There are some other, less common pool table sizes that we should mention here. These are considered specialty pool tables. For the best playing experience, I would suggest getting a pool table that’s between 7 and 9-feet. You can get a quality pool table for under $1000. But, in a pinch, the following sizes are always an option. 

  • 6-foot tables – Ideal space-saving tables and those with older kids who are interested in pool. 
  • 4-foot tables – Best for kids and those looking for a small, portable table for casual play.
  • Tabletop and miniature tables – These are available in several different sizes, but they’re usually around 3-feet in length. Some are designed to be set on a table, others come with legs and a variety of other games like ping-pong, foosball, and air hockey.  

Other Billiard Table Sizes

Snooker tables are a whole different story. Snooker is not so popular in the U.S., but you can find American snooker tables that measure 10-feet by 5-feet with a playing surface of 112” by 56”.

Standard British snooker tables are 12-feet by 6-feet with a playing surface of 140” by 70”.

Standard Carom billiard tables are the same size as American snooker tables: 10-feet by 5-feet, but the tables don’t have pockets and the game is played with only three balls.  

Why Do Pool Tables Come in So Many Sizes?

The main reason for the different pool table sizes is mainly space availability, cost, and materials. Bigger tables take up more space, which is one of the reasons why smaller tables are popular in homes and bars. 
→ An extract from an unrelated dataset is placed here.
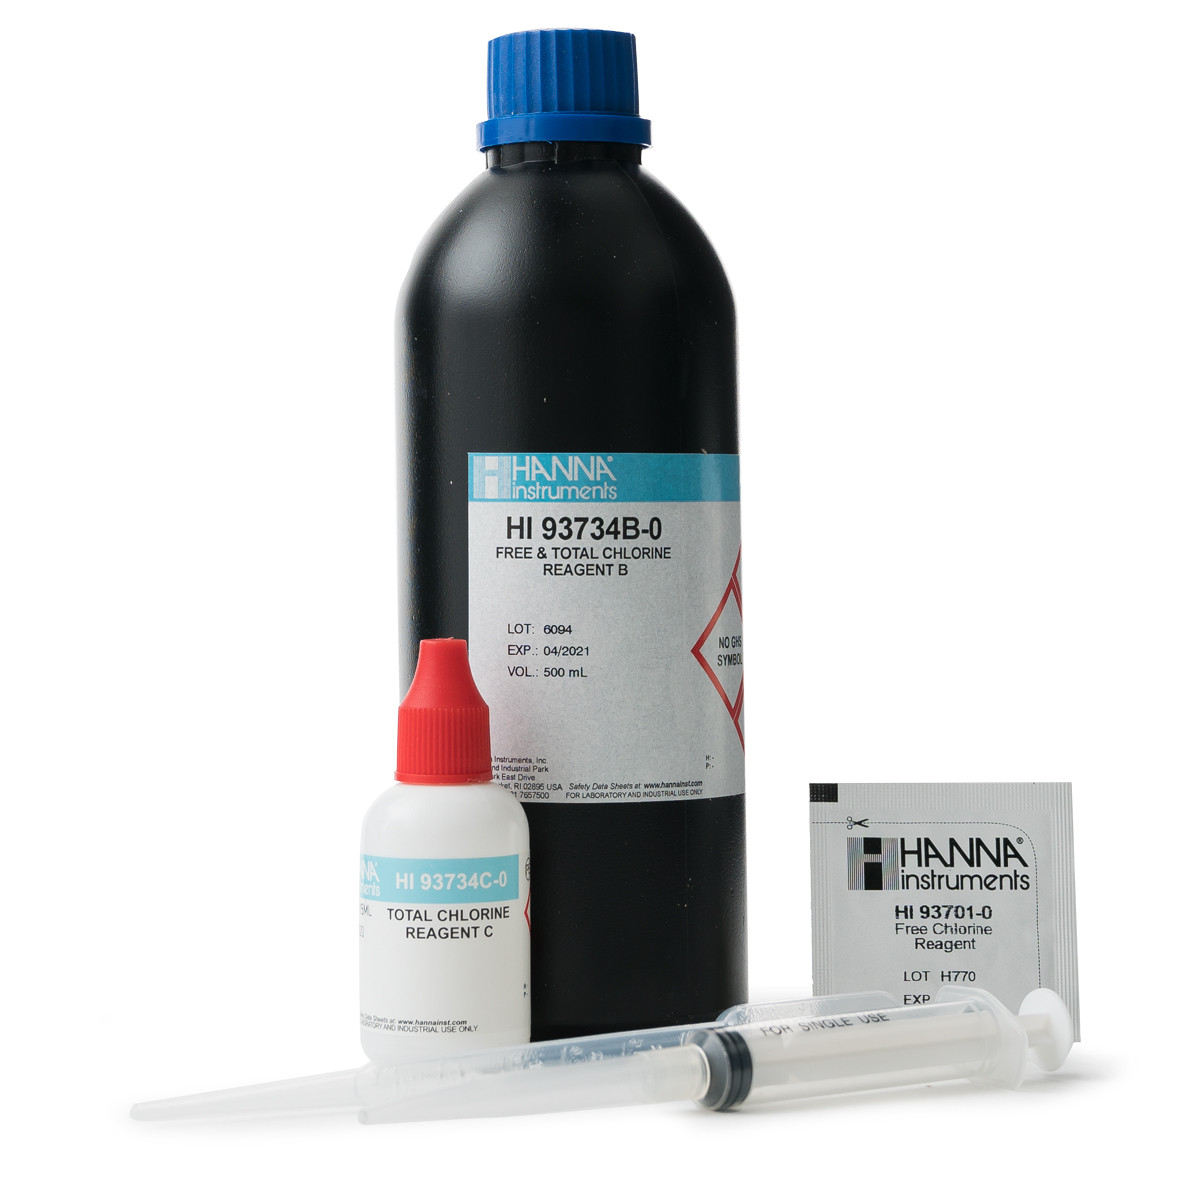 Free and Total Chlorine High Range Reagents (300 tests)

The bigger the table, the more materials it takes to make and the more it will cost. This is another reason why there are so many sizes. It gives consumers options depending on what they want. Bars usually go for smaller tables, but some pool halls attract serious pool players and league play with their 8+ or 9-foot tables. 

As you can see, pool tables come in many different sizes, but the most common are 7 and 8-foot tables for homes and bars. 9-foot tables are used by professionals and tournaments. But there is a wide range of smaller sizes that will fit any pool enthusiast’s needs.